3.2 bun_zipper_res2.ply
The Stanford Bunny mesh (bun_zipper_res2.ply
) was similarly processed through multiple iterations of remeshing to evaluate the progressive refinement of the mesh.
- bun_zipper_res2.ply:
- Vertices: 8,171
- Faces: 16,301
- bunny_remeshed_iter1.obj:
- Vertices: 6,476
- Faces: 12,962
- bunny_remeshed_iter2.obj:
- Vertices: 5,196
- Faces: 10,381
- bunny_remeshed_iter3.obj:
- Vertices: 4,159
- Faces: 8,300
Comparison:
The progressive reduction in vertices and faces over the iterations demonstrates the remeshing algorithm’s ability to simplify the mesh while retaining the overall geometry. The remeshed iterations display a higher number of equilateral triangles, which creates a more uniform and well-proportioned mesh. This improvement is obvious when comparing the final iteration (bunny_remeshed_iter3.obj
) with the original model (bun_zipper_res2.ply
). The triangles become more equilateral and evenly distributed, resulting in a smoother and more consistent surface.




4. Performance Analysis
The current implementation of the remeshing algorithm was developed in Python, utilizing the trimesh
library. While Python is easy to use, performance limitations may arise when handling large-scale meshes or real-time rendering.

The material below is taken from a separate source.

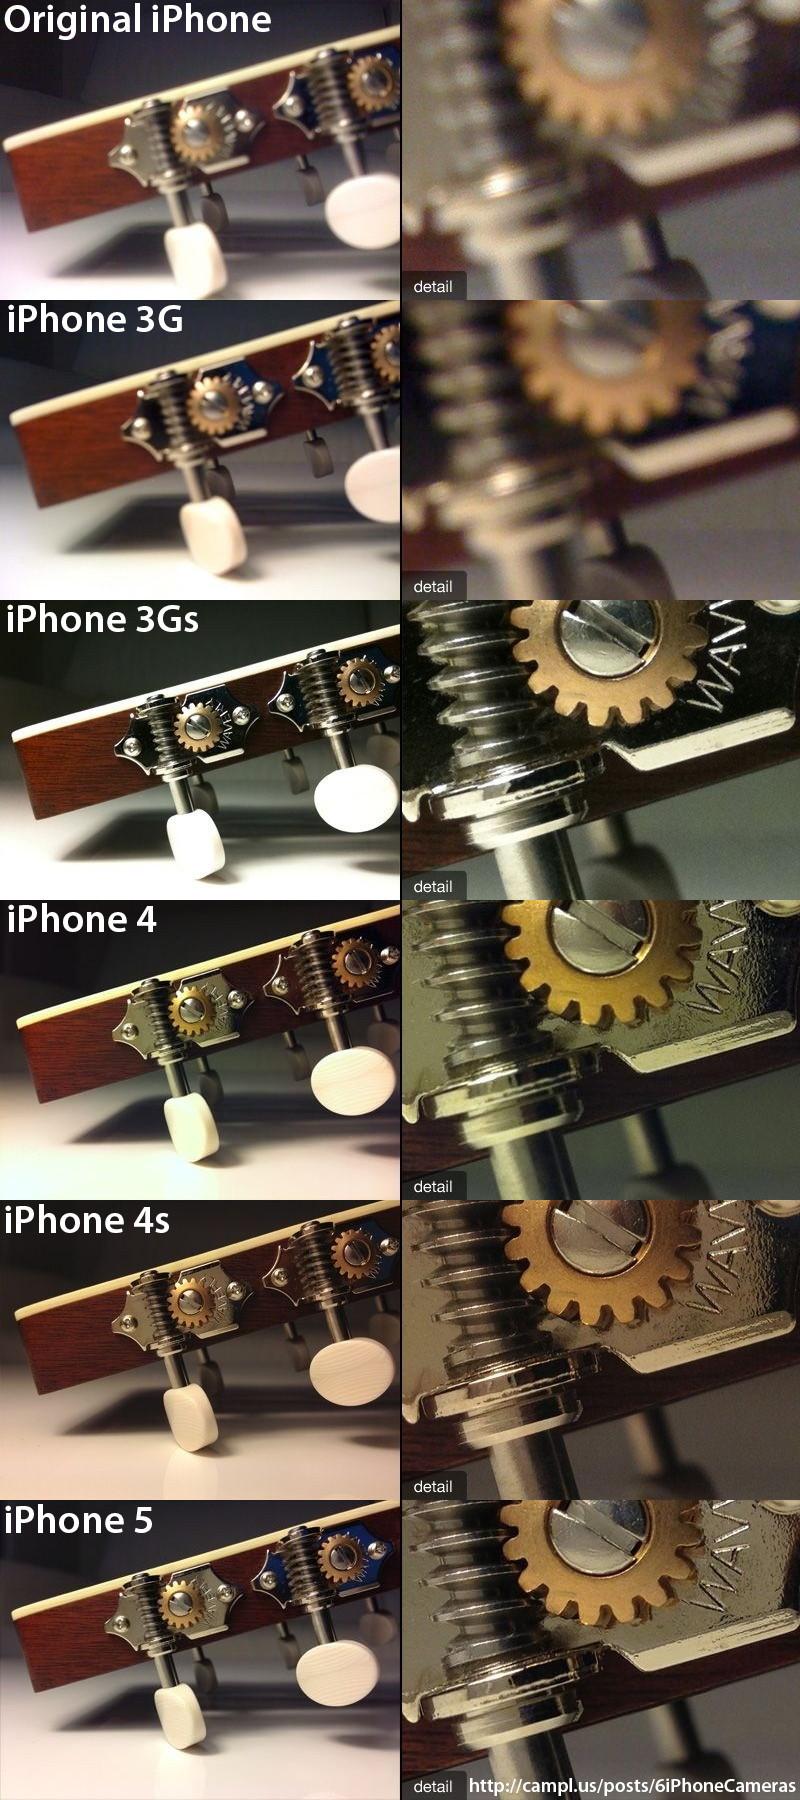 comparaison-photos-iphone-guitare

A potential solution to improve performance is to transition the core remeshing algorithms to C++.
Benefits of Using C++:
- Speed: C++ allows for significantly faster execution times due to its lower-level memory management and optimization capabilities.
- Parallelization: Advanced threading and parallel computing techniques in C++ can accelerate the remeshing process.

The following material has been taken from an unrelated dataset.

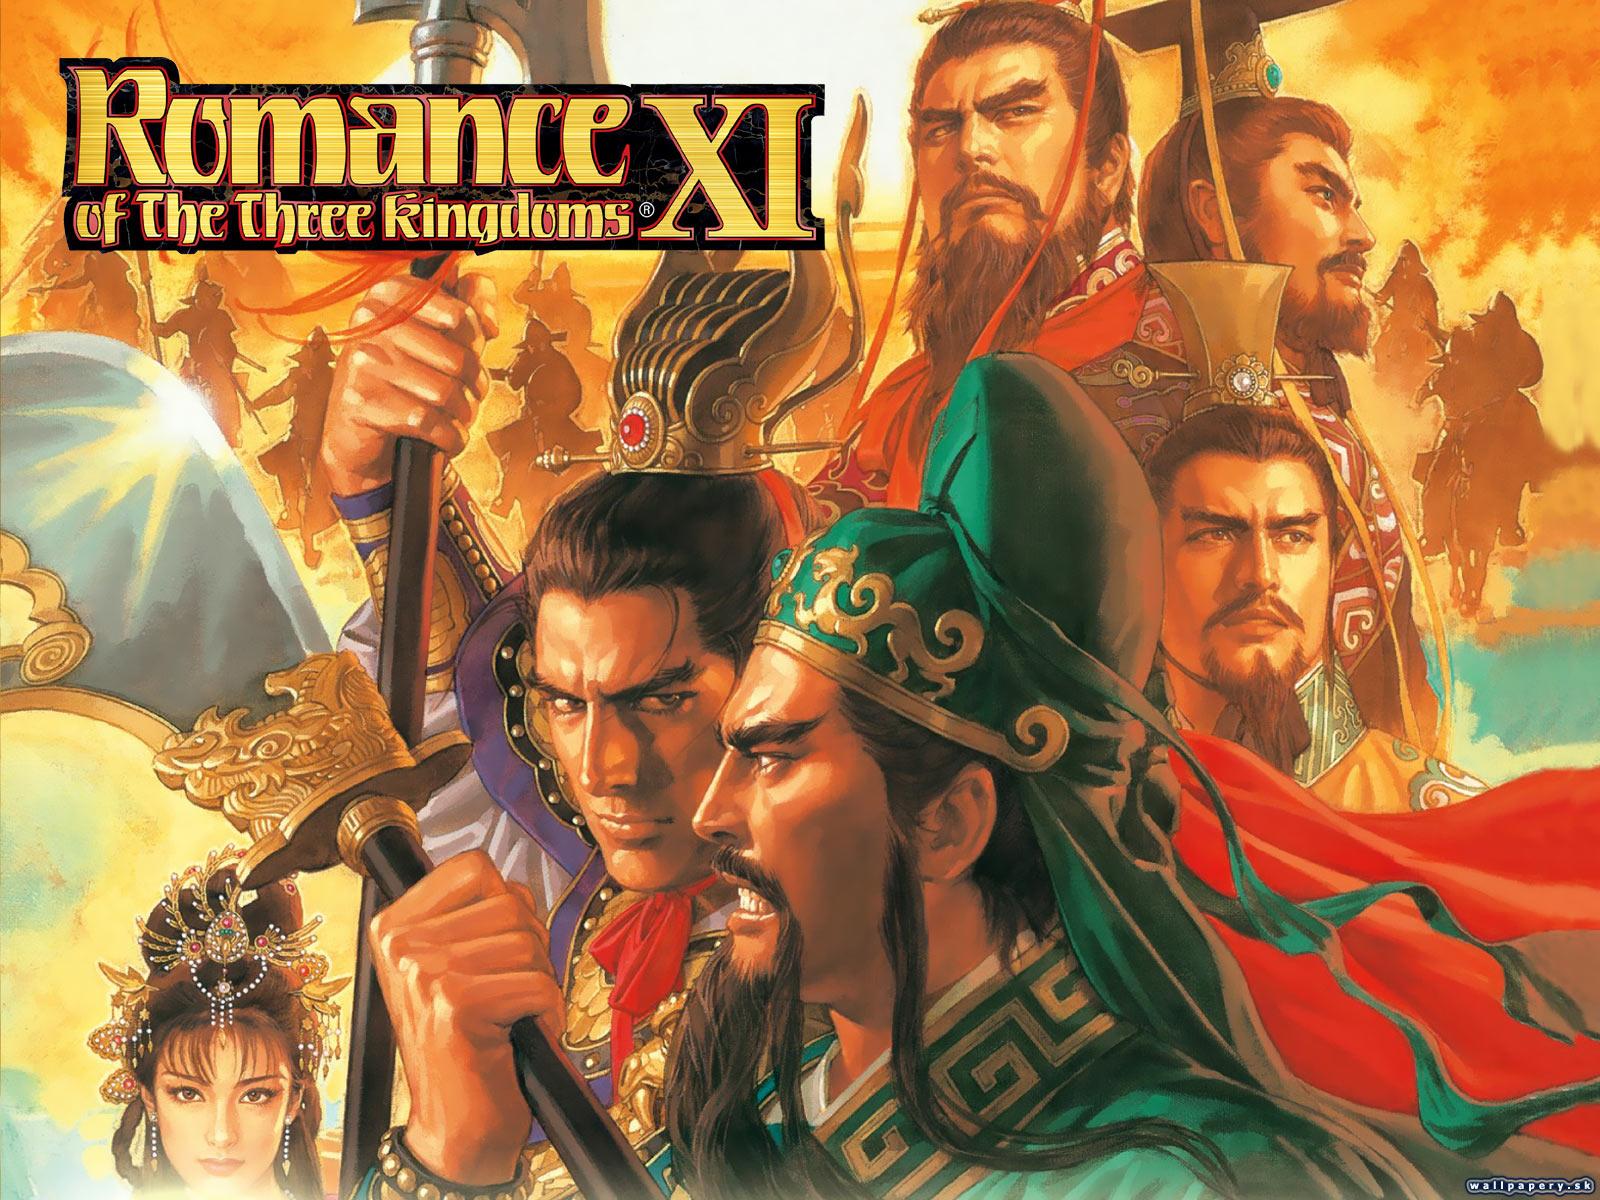 Lostlevel Blog Game Ps4 Romance Of The Three Kingdoms Xiii Reg 3 Tildes Birojs 2014 Crack

- Memory Efficiency: C++ provides better control over memory allocation, which is crucial when working with large datasets.
5. References
M. Botsch and L. Kobbelt, “A remeshing approach to multiresolution modeling,” Proceedings of the 2004 Eurographics/ACM SIGGRAPH Symposium on Geometry Processing, Nice, France, 2004, pp. 185–192. doi: 10.1145/1057432.1057457.

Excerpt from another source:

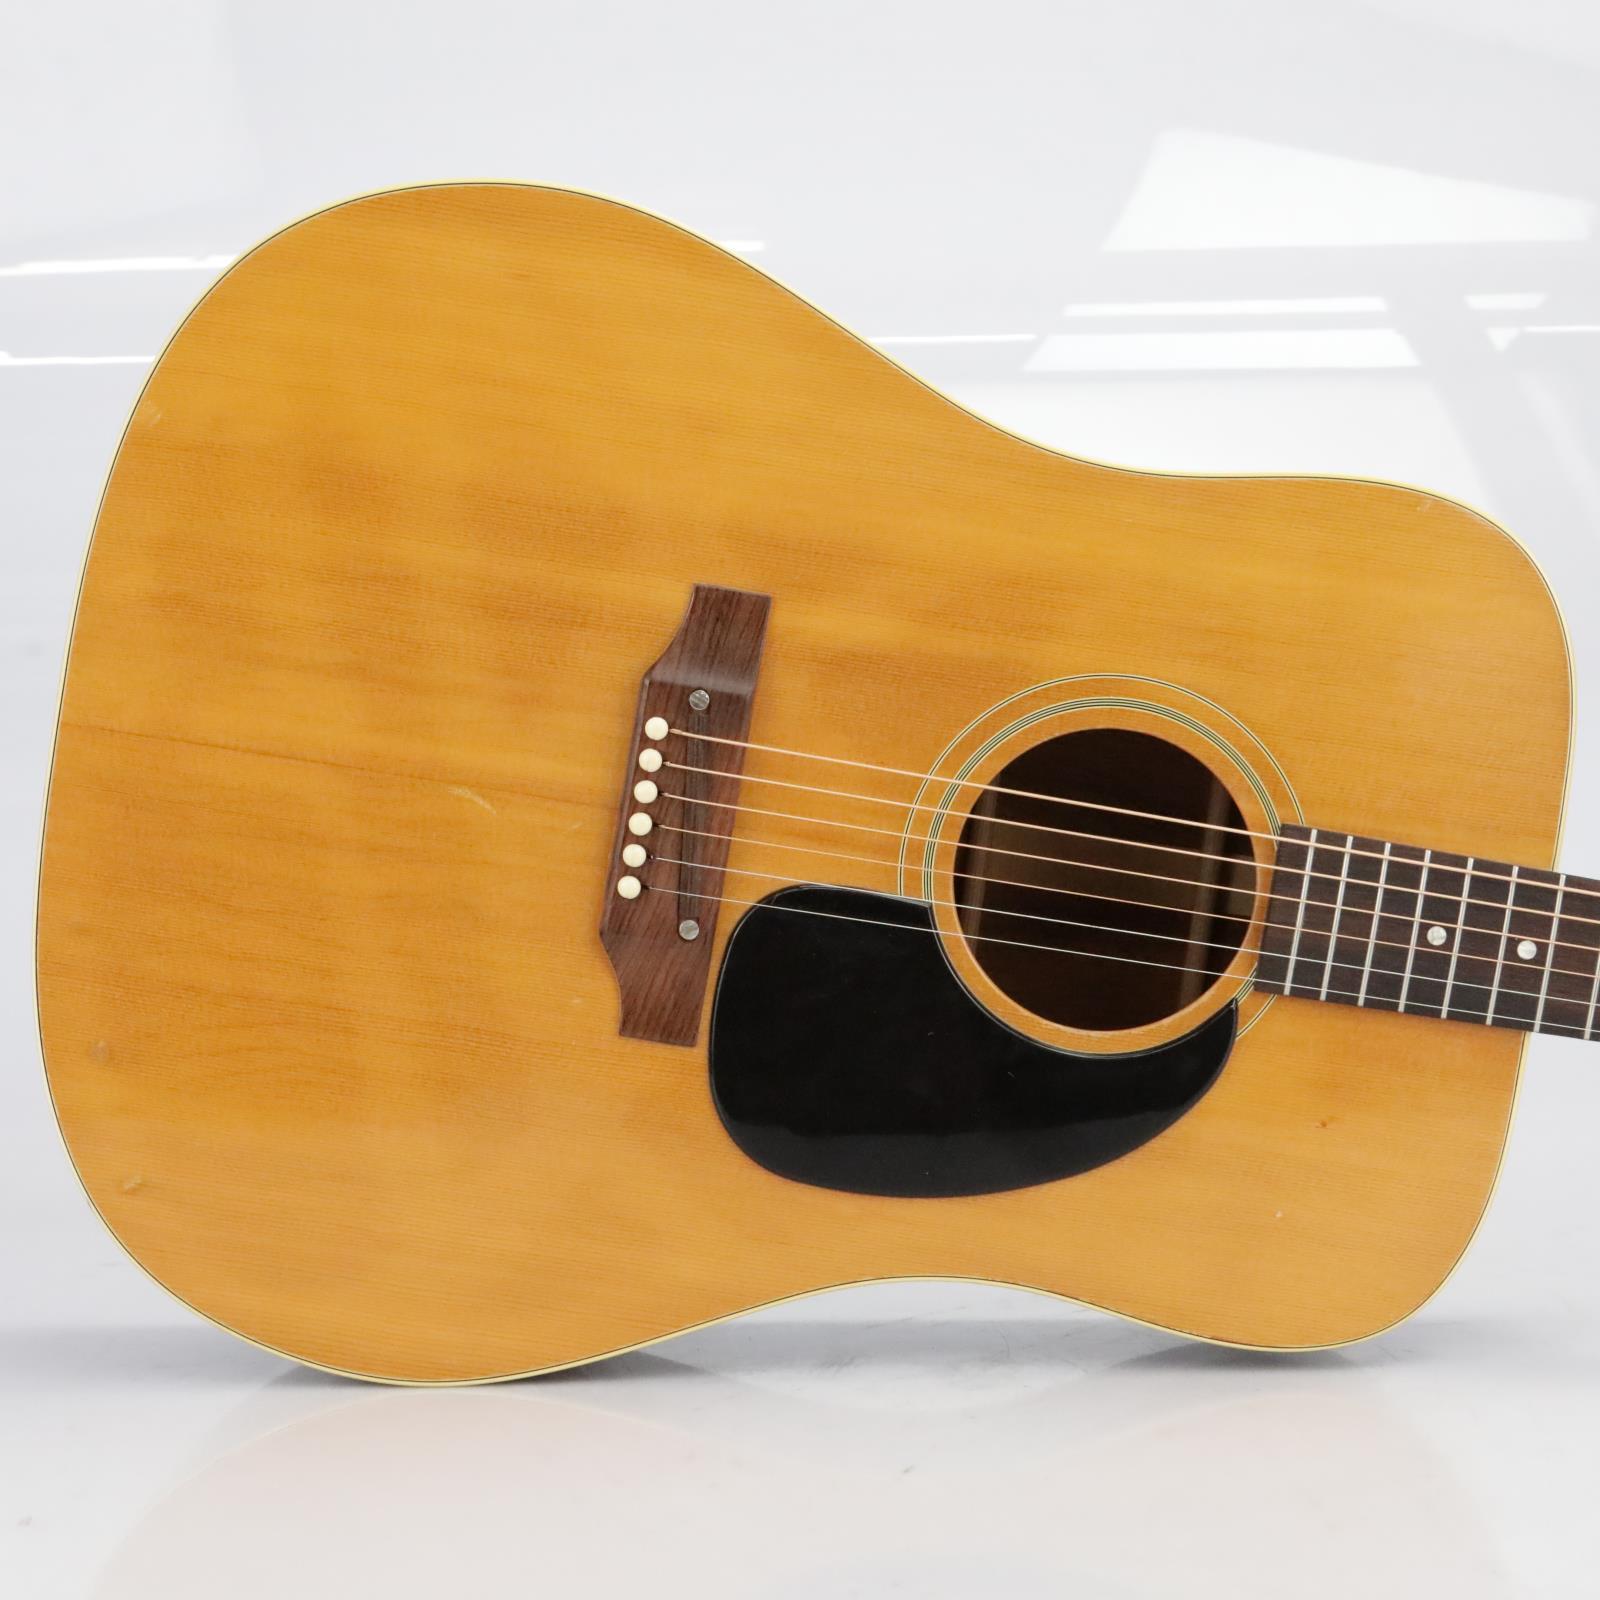 1969 Gibson J-50 Acoustic Guitar w/ Hard Case #40182

M. Dunyach, D. Vanderhaeghe, L. Barthe, and M. Botsch, “Adaptive remeshing for real-time mesh deformation,” in Eurographics 2013 – Short Papers, M.-A. Otaduy and O. Sorkine, Eds. The Eurographics Association, 2013, pp. 29–32. doi: 10.2312/conf/EG2013/short/029-032.
“Remeshing,” Lecture Slides for CS468, Stanford University, 2012. [Online]. Available: https://graphics.stanford.edu/courses/cs468-12-spring/LectureSlides/13_Remeshing1.pdf. [Accessed: Sep. 12, 2024].
M. Guo, B. Wang, K. He, and W. Matusik, “TetSphere Splatting: Representing high-quality geometry with Lagrangian volumetric meshes,” arXiv, 2024. [Online]. Available: https://arxiv.org/abs/2405.20283. [Accessed: Sep. 12, 2024].
B. Kerbl, G. Kopanas, T. Leimkuehler, and G. Drettakis, “3D Gaussian splatting for real-time radiance field rendering,” ACM Trans. Graph., vol. 42, no. 4, Art. no. 139, Jul. 2023. doi: 10.1145/3592433.